After 4 years of marriage and a 2 yr old son, I found out recently that my husband lied about the "diamond ring" he bought me. It supposedly cost 12,000, but what I found out was that it was maybe $200-300.

I confronted my husband and he said that someone frauded him and that its not possible that the ring is fake. I asked for proof and he said that he bought the ring from a buddy of his that is a jewelry designer and paid cash. He said he would track this guy down and get to the bottom of it. Its been 3 weeks, and everytime he says hes busy but hes gonna get to the bottom of things. I know he's lying but I didnt want to make it a scene, but I started to get suspicious.

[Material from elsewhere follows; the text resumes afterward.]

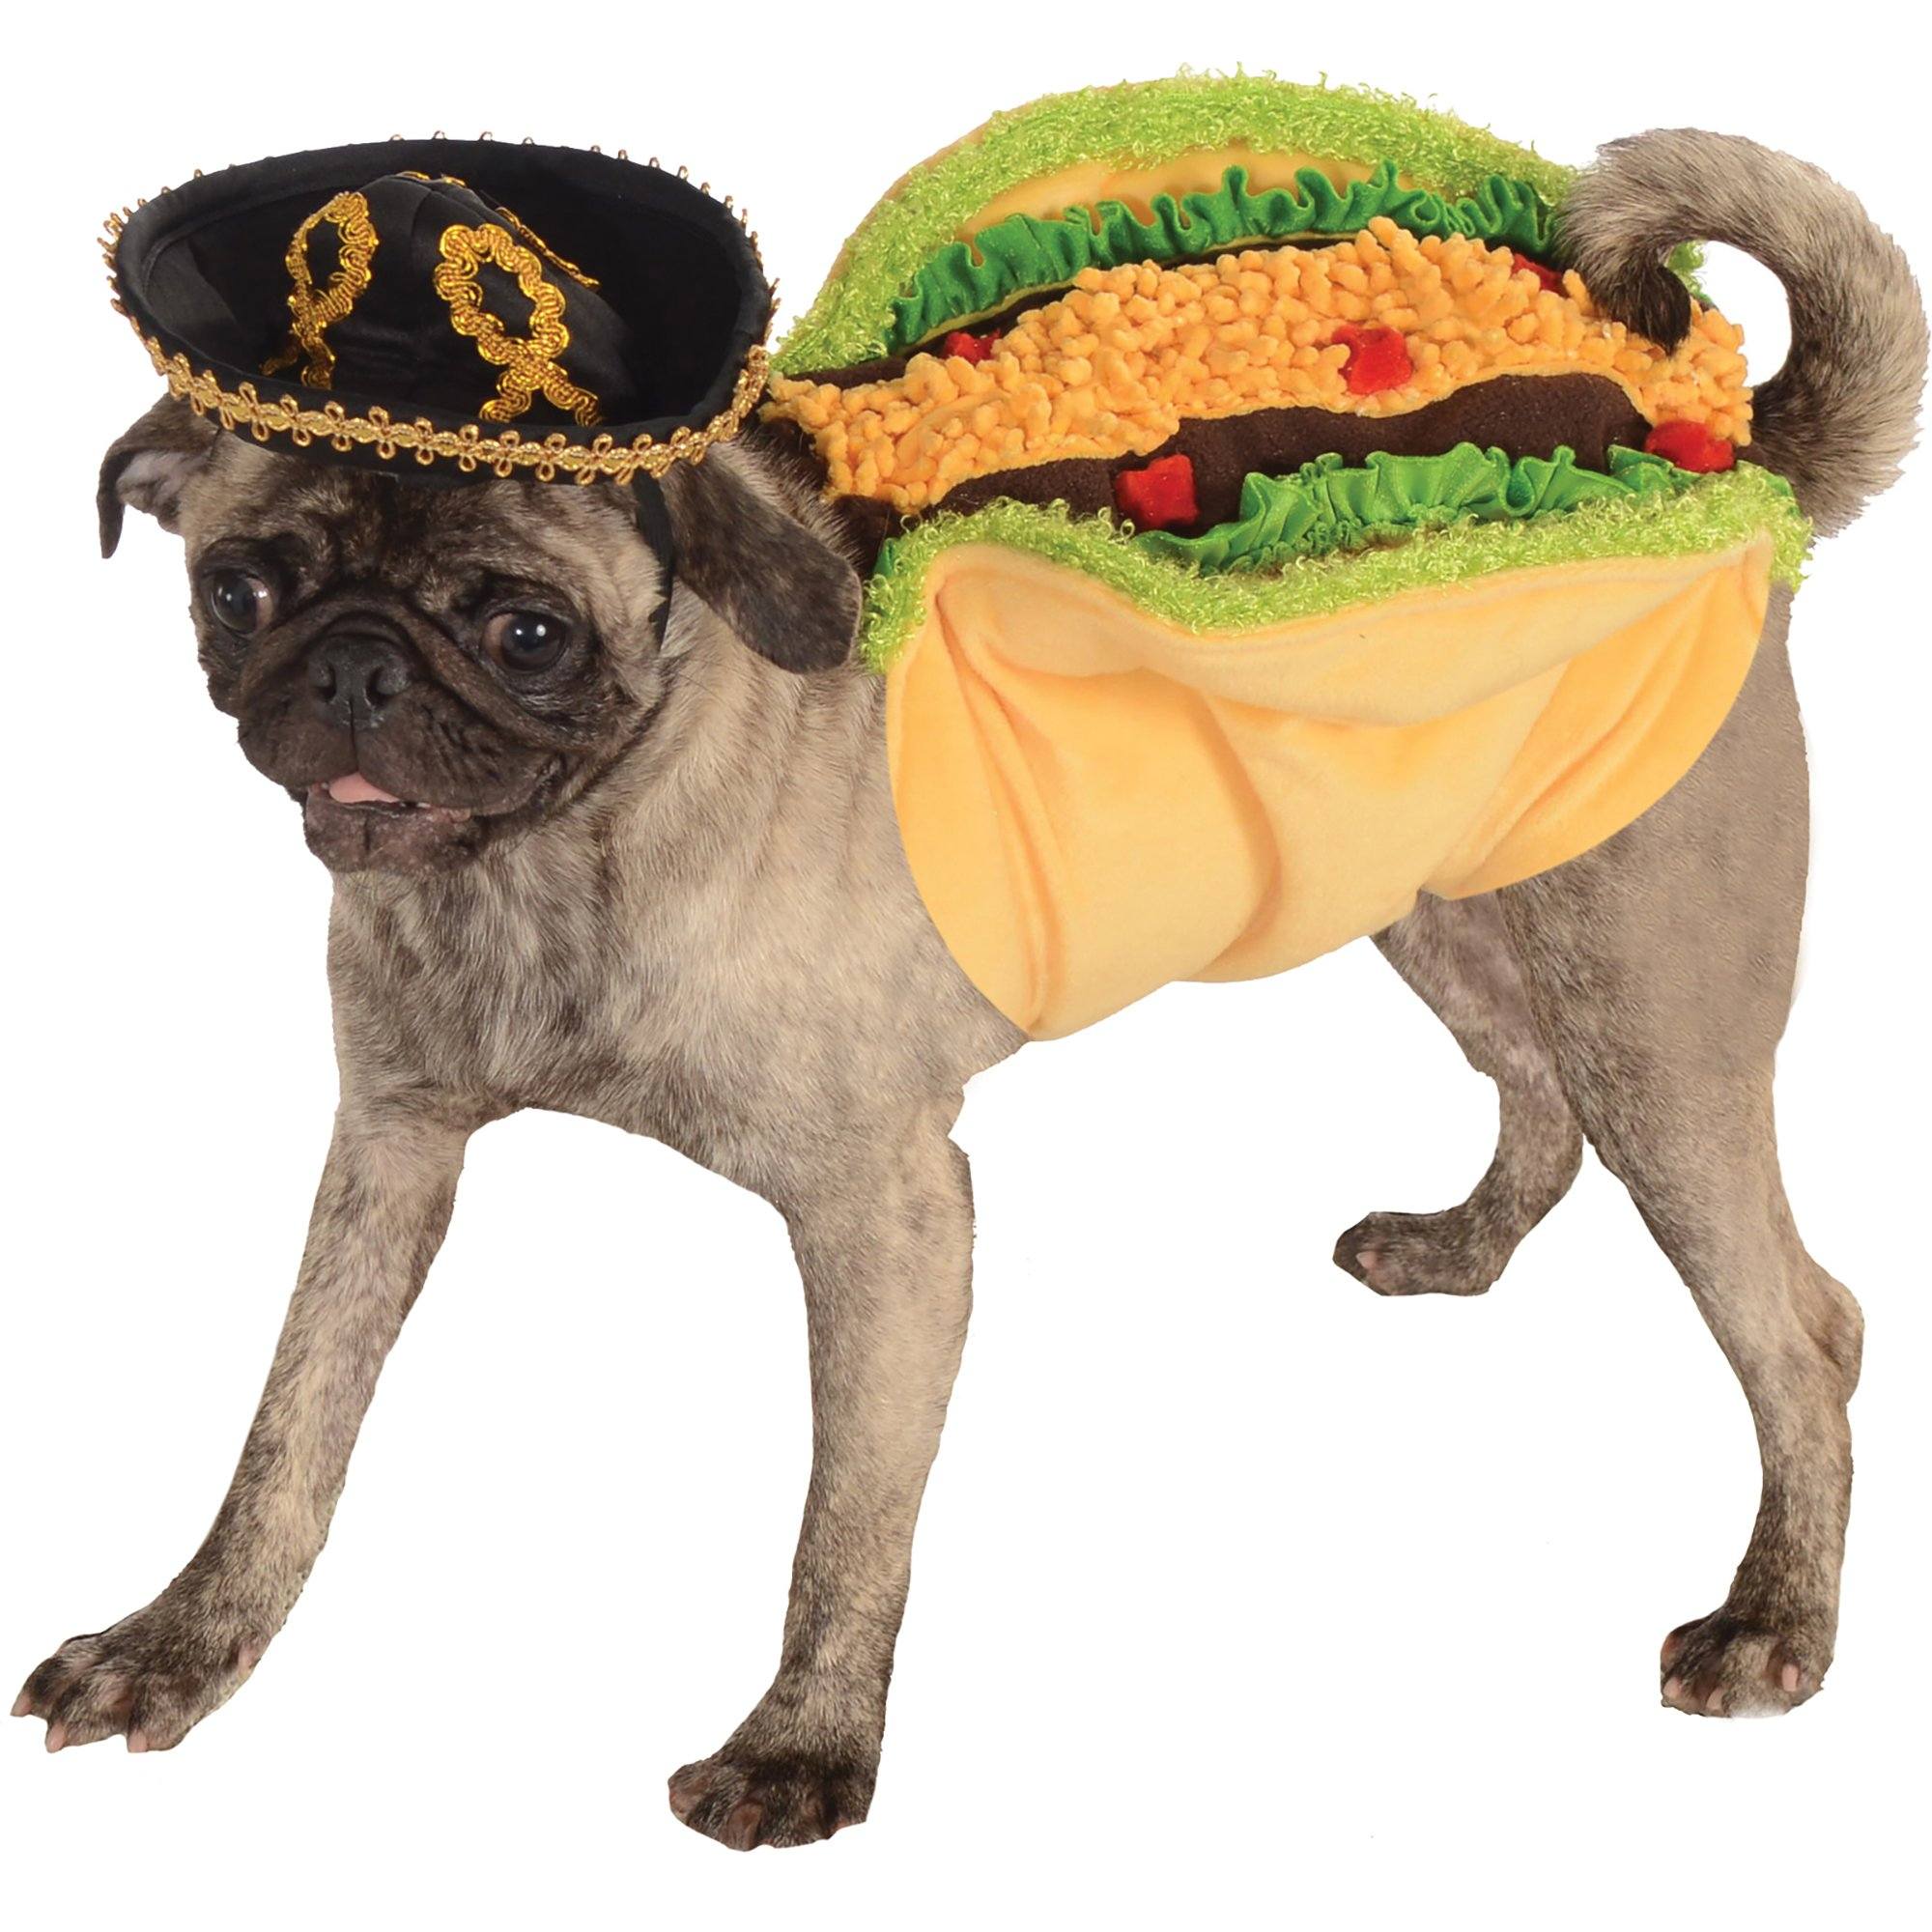 Taco Pet Costume - XL

I checked the rest of the jewelry that him and his mom gave me. A family heirloom diamond bracelet was also fake. Also the diamond earings given to me on the birth of my son were fake.

So there is this Breitling watch he always bragged about that he bought when he was single and working for 10k. Some special edition style. Guess what? FAKE!

So then I called around and found out that his bachelors in business and his executive mba is also a fake. He only has a high school diploma.

His job title of Sales and Marketing executive at some big hot shot car rental corporate company as upper management. FAKE. He worked as a front line car rental sales guy. 

The house him and his family said they bought and then sold.... also a lie. I found letters from their tenant.

On top of all this, he pretty much hijacked my parents small little business with his lies and more or less kicked them out. He says he made it what it is (in 1 year as a lazy bum who hardly even worked there). He started to give them less and less profit and for the past three months he says we made nothing. He added his name to the company as president and has his name also on the bank accounts. I just found money in our home and bank locker that Im pretty sure hes been stealing from the business.

On top of all this, he's a jerk. He is controlling, narrow minded, arrogant, verbally abusive, expects me to do everything at home plus work at the family business everyday and come home and take care our son at night. He wont let me have a private email address even. He is so sneaky and suspicious of everything I do.

I have never liked him too much, I hated a lot of things about his personality, and just how annoying his whole family is. But I found out everything AFTER getting married when the truth began to reveal.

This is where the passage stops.